Её звали Вероника Штамм. Она не была китаянкой, но считала, что глаза у неё китайские. Когда спрашивали: «Кто ты?» — отвечала: «Монголоид». Так её научили. На самом деле в ней текла густая алая немецкая кровь.
В дамской сумочке Вероники всегда лежало удостоверение, где указывалось, что она «инвалид детства». Иногда Вероника доставала документ, осторожно открывала, низко склоняясь и сутулясь, и пыталась вчитаться в эти два слова. Взгляд елозил по буквам, приплюснутые губы беззвучно шевелились, дурашливый вид становился ещё дурашливее.

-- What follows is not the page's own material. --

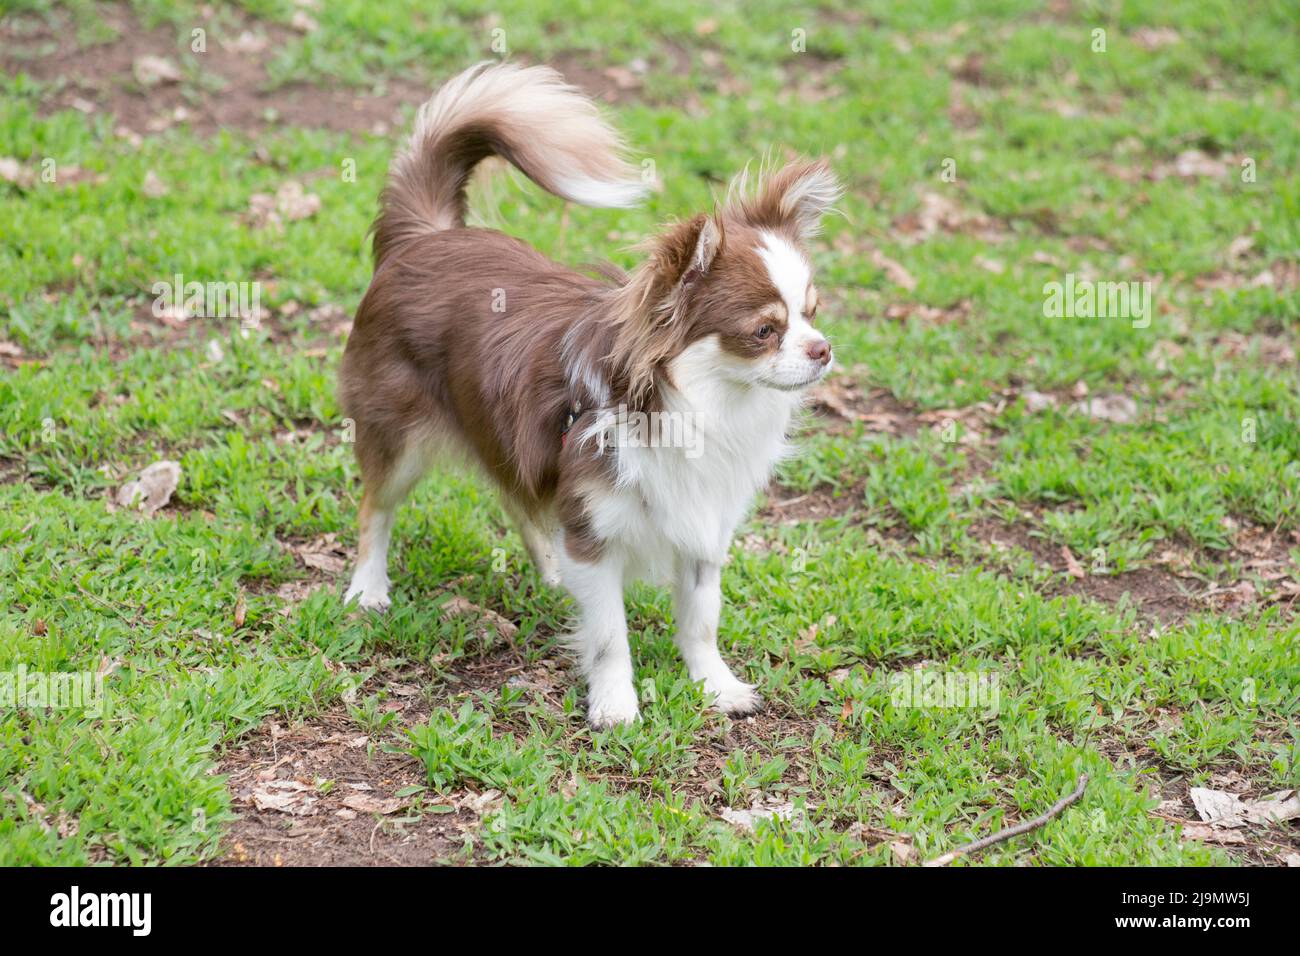 Cute long-haired chihuahua puppy is standing on a green grass in the spring park and looking away. Pet animals. Purebred dog. Stock Photo

Слюна скапливалась во рту, готовясь вот-вот перелиться через нижнюю чуть оттопыренную губу. Почувствовав избыток жидкости, Вероника шумно втягивала слюну и сглатывала её, причмокивая губами.
Когда-то она уже слышала подобное: инвалид войны. Вероника много думала над этими словосочетаниями. «Инвалид войны — человек, который пострадал от войны,— раскладывала по полочкам Вероника,— а инвалид детства — человек, который пострадал от детства». Но Вероника оставалась недовольна умозаключением, потому что знала: она получилась такой ещё до начала детства, которое нравилось, и даже хотелось снова туда вернуться, потому что там она была счастлива, там родители звали её оранжевой Никой. Почему так? Потому что улыбка оранжевого цвета.
Вероника считала, что страдания приходят извне. Поэтому она никак не могла быть инвалидом. Детство — в ней, а неприятности, которые она испытывала,— всегда от других людей. Внутри у неё ничего не болело, все органы находились в порядке, она всё делала самостоятельно и даже готовила сама себе еду. Другие инвалиды не могут делать то, что умела Вероника.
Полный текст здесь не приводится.